The second time I performed spoken word was a month later in the school talent show. Performing for 300 people was terrifying. I was used to doing school musicals, where I performed in front of 300 people singing and dancing and regurgitating lyrics and lines from known pieces. This was me standing on a stage, sharing my own words and emotions with strangers that didn’t know me from Adam. Yet, after the talent show, my Twitter inbox and text messages were flooded by friends and strangers telling me that they related to my poem and that it touched them. It was an incredible feeling. I wanted to reach this many people when I became an author, and didn’t ever believe that I could do it any other way. Spoken word was fun, it was exhilarating, and most importantly, it was gratifying, because I knew that I would be making someone feel what I felt when I first heard Gina Loring spit her poem.

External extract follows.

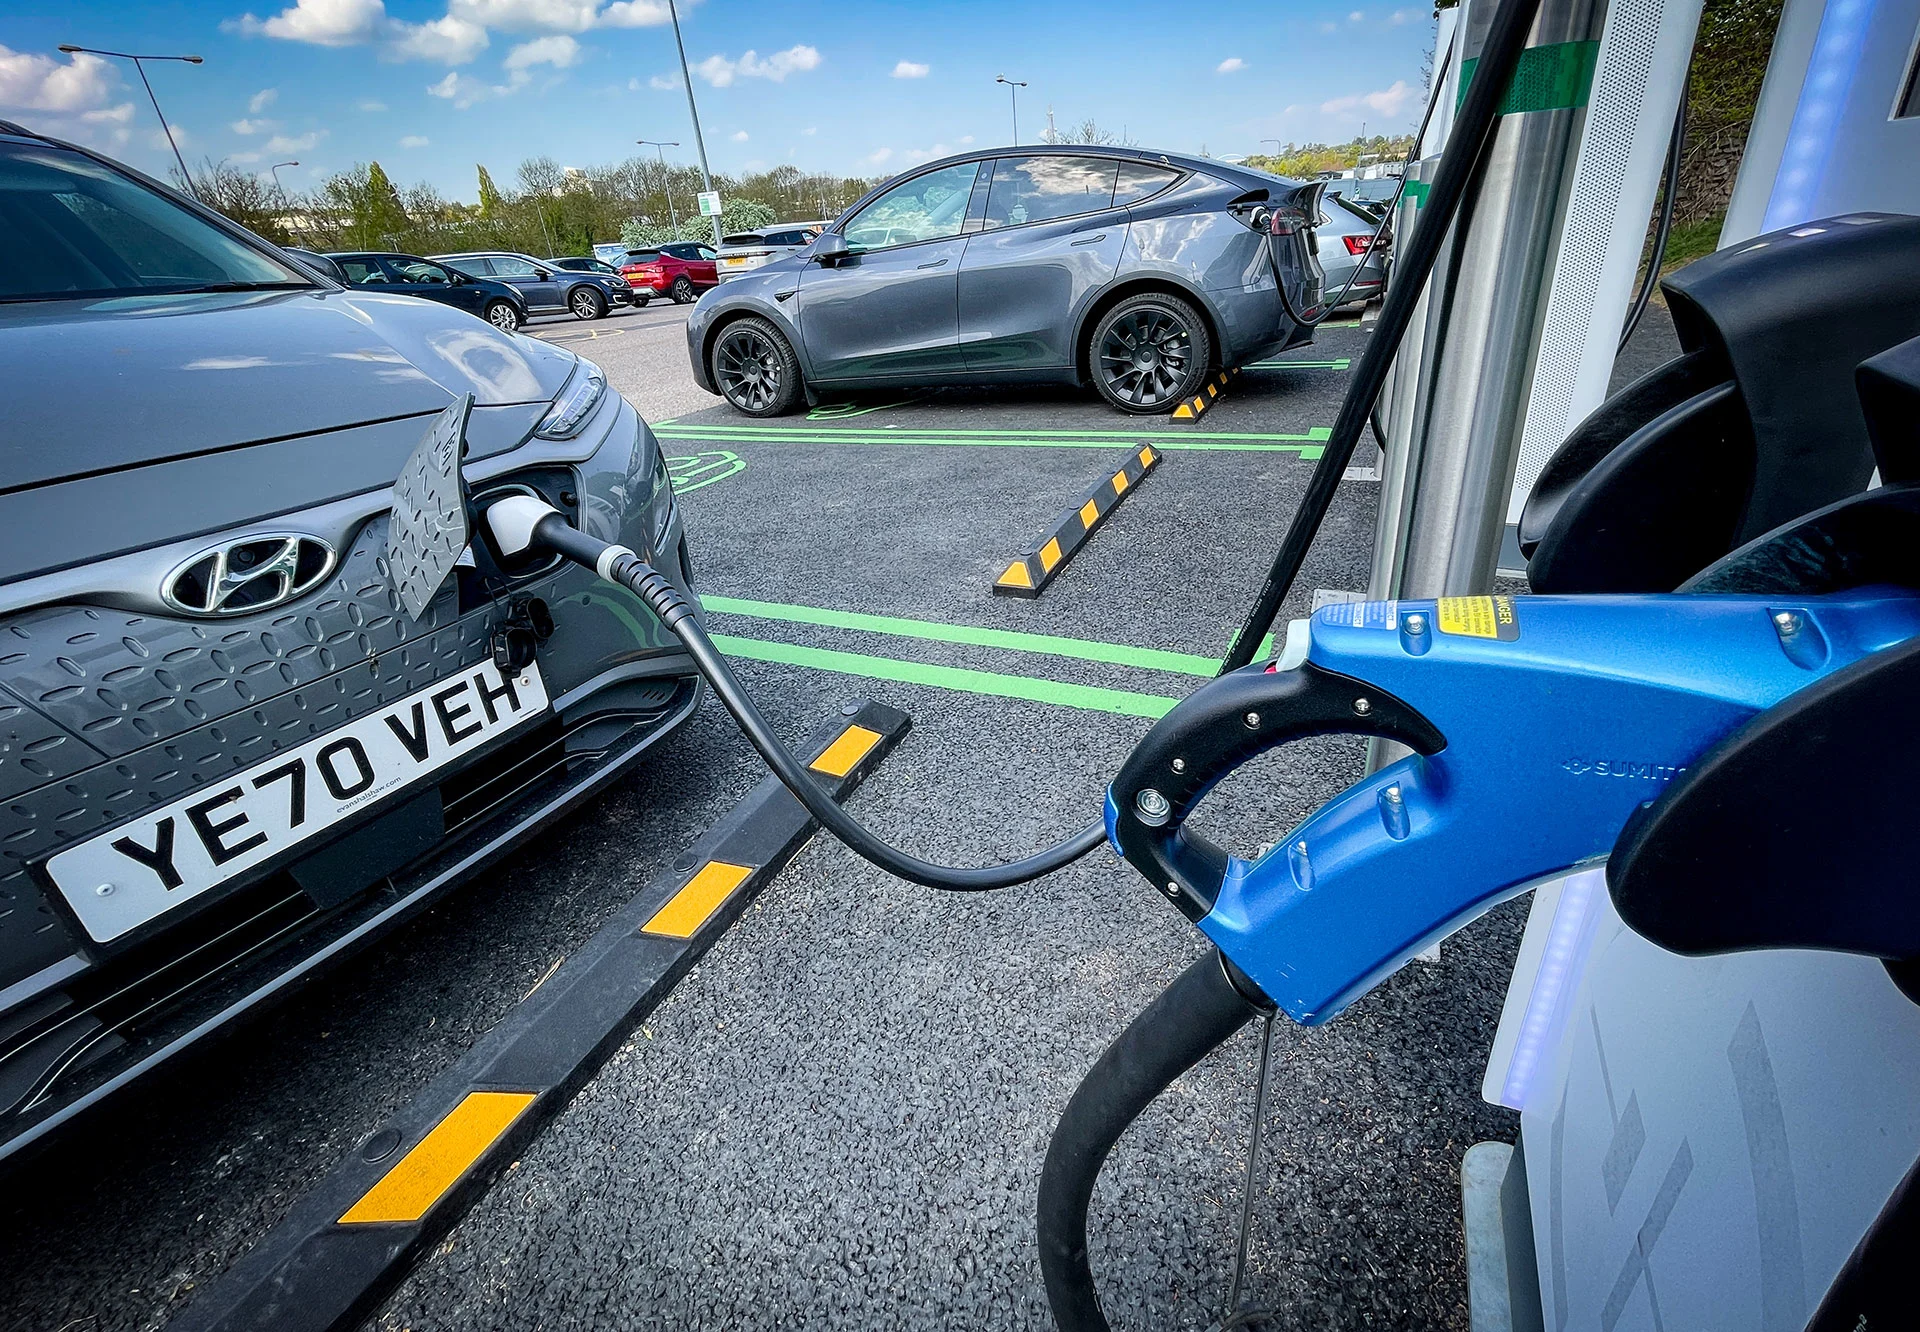 Electric cars at a motorway service station are charged by a bank of electrical chargers on April 24, 2022 in Exeter, England. The government's commitment to reducing future Co2 carbon emissions will mean many more motorists will need to switch from petrol and diesel-powered cars to electric (EV) driven ones. However there are fears that the charging network in the UK is not yet fit to deal with the enormous demand more EVs on the road would place on it. (Matt Cardy/ Getty Images)

Your poem “The Untold Story of a Teenage Girl” really resonated with me personally — you touched on a lot of things, like being in love, getting called “bossy,” unrealistic body standards, and the never-ending fight for gender equality. How does your identity as a black woman influence your art?

My identity as a black female has only influenced my writing in recent years. I only used to be able to write love poems, but now, most of my poems have sociopolitical undertones. I can’t seem to write a poem anymore without having some kind of social commentary, but I think this is good. Finding power in the things that should make me inferior according to society – my race, my gender – has allowed me to write unapologetically and without much fear. Being a black woman is central to my art. I wouldn’t be the writer I am if I were neither.

I feel like it’s common to hear “I can’t write poetry” or “Poetry is not for my kind of brain,” especially in an academic setting. What’s your response to that? Do you think poetry is something everyone could benefit from?

Like I said before, I used to hate poetry. I was exactly that kind of person who thought poetry wasn’t for me, or frankly, I underestimated myself and thought I could never understand it. I think people shy away from poetry because they are afraid of it. Poetry is the mouth that speaks only truth. The truth is scary, and even scarier when you find the truth in yourself. Poetry requires self reflection, regardless of the subject matter.

I think everyone can benefit from reading poetry, listening to poetry, and most importantly writing poetry. If you’re not convinced, just sit down and try to write a love poem. Love poetry is for everybody, whether it’s an ode to the love of your life or a swear-filled message to the asshole you call your ex. Poetry is the coolest form of catharsis out there, I promise you. Just try it!